En moins de 24 heures, cette info bidon s'est hissée en tête des résultats Google. Derrière ce coup d'éclat se cache un réseau russe bien rodé. Des dizaines de sites dopés à l'IA inondent Internet de propagande pro-Kremlin. Leur cible ? Les élections américaines de novembre. Voici comment cette fake news a réussi à tromper les algorithmes de Google, l'arbre qui cache la forêt d'une opération de désinformation à grande échelle.

Une fausse nouvelle propulsée au sommet des recherches Google

L'histoire de la Bugatti de Mme Zelensky a connu une ascension fulgurante dans les résultats de recherche. C'est un article publié sur un obscur site français nommé Vérité Cachée qui a mis le feu aux poudres. Le texte prétendait que l'épouse du président ukrainien avait acheté une Bugatti Tourbillon à 4,8 millions de dollars lors d'une visite à Paris.

Comme toutes les fake news, la nouvelle a fait tache d'huile sur la Toile. Des dizaines de médias russes l'ont reprise, citant Vérité Cachée comme source. De nombreuses chaînes Telegram pro-Kremlin ont relayé l'information à leurs millions d'abonnés. Sur X.com, des comptes influents pro-russes et pro-Trump ont amplifié la rumeur. Jackson Hinkle, un troll comptant 2,6 millions d'abonnés, a notamment accusé les contribuables américains d'avoir financé cet achat luxueux. Plus c'est gros, plus ça passe. Et le démenti de Bugatti, publié sur le compte Instagram de la marque, n'y a rien fait. La fake news est lancée, et rien ne peut alors l'arrêter.

Rapidement, des sites anglophones ont commencé à reprendre l'histoire, s'appuyant sur ces publications virales. MSN, l'agrégateur d'actualités de Microsoft, a même republié un article citant ces « rumeurs » douteuses. En l'espace de 24 heures, une recherche « Zelensky Bugatti » sur Google renvoyait vers ces contenus trompeurs en première position.

Il aura donc suffi d'une campagne de désinformation savamment orchestrée pour enfumer les algorithmes des moteurs de recherche et des réseaux sociaux. En privilégiant l'engagement et la viralité, ils ont amplifié une fake news en s'asseyant sur la vérification. Triste constat, mais pas nouveau. En 2018, une étude révélait qu'une fake news voyageait six fois plus vite qu'une information vérifiée.
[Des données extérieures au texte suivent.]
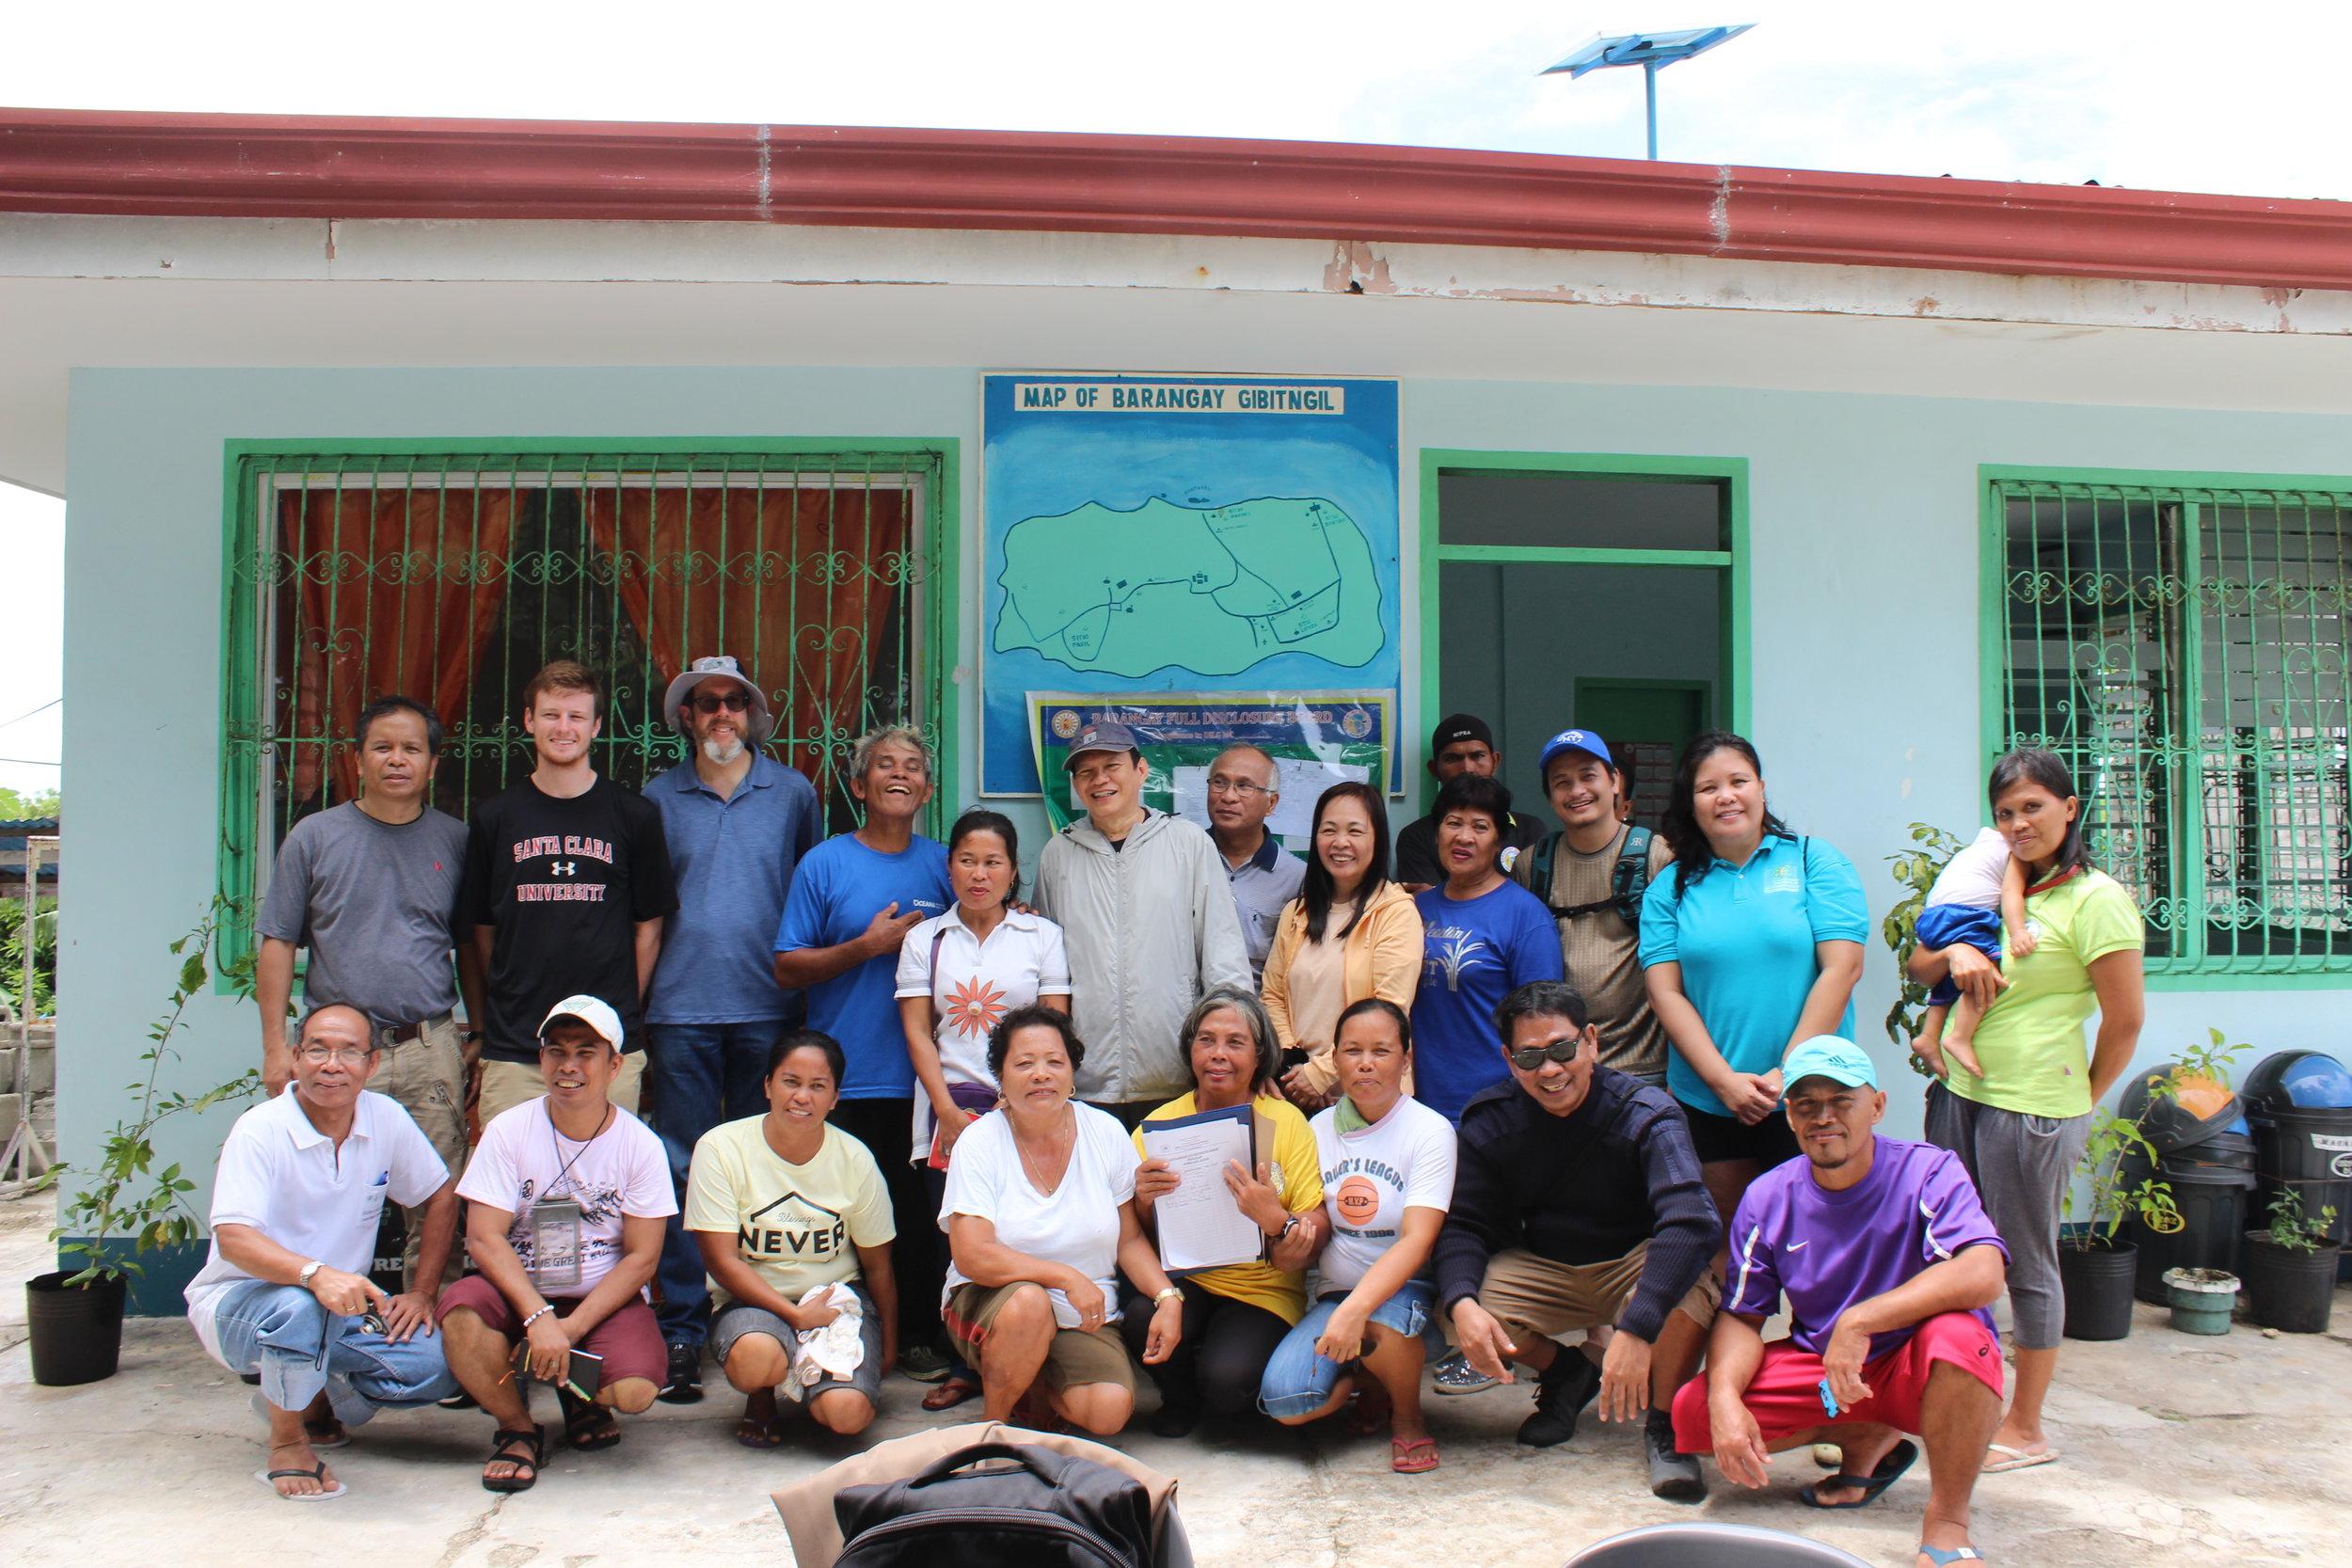 Miller Center, USC, and RAFI staff visit Gibitngil Islet to explore social enterprise opportunities

Mme Zelensky n'a pas acheté une Bugatti Tourbillon avec l'argent des États-Unis. C'est une fake news générée par une IA pro-russe © Jack Skeens /Shutterstock
Mme Zelensky n'a pas acheté une Bugatti Tourbillon avec l'argent des États-Unis. C'est une fake news générée par une IA pro-russe © Jack Skeens /Shutterstock

L'opération de désinformation russe derrière la fausse nouvelle

L'affaire de la Bugatti n'est que la partie émergée de l'iceberg. Elle s'inscrit dans une vaste opération de désinformation pilotée depuis la Russie. Des chercheurs en cybersécurité de chez Recorded Future ont découvert un réseau de sites web diffusant de la propagande pro-russe à travers l'Europe et les États-Unis.

Au cœur de ce dispositif se trouve John Mark Dougan, un ancien Marine américain aujourd'hui installé à Moscou. Il dirige un réseau d'au moins 170 sites web aux noms crédibles comme Great British Geopolitics ou The Boston Times. Ces plateformes utilisent massivement l'intelligence artificielle pour générer du contenu trompeur à grande échelle.

L'IA permet de créer des milliers d'articles attribués à de faux journalistes. Les textes sont souvent des réécritures d'actualités réelles, auxquelles on ajoute une touche de désinformation. Dans certains cas, des instructions destinées aux moteurs d'IA étaient même visibles, comme : « Voici quelques éléments à garder à l'esprit pour le contexte. Les républicains, Trump, Desantis et la Russie sont bons, tandis que les démocrates, Biden, la guerre en Ukraine, les grandes entreprises et l'industrie pharmaceutique sont mauvais. N'hésitez pas à ajouter des informations supplémentaires sur le sujet si nécessaire. »

Cette opération ne se limite pas à l'Ukraine. Elle cible de plus en plus les élections américaines. Alors que les géants d'Internet s'étaient alliés pour combattre la désinformation sur leurs supports, ce fléau sévit toujours et vise à influencer les électeurs pour semer la méfiance avant le scrutin de novembre. Certaines ont même été relayées par des membres du Congrès américain.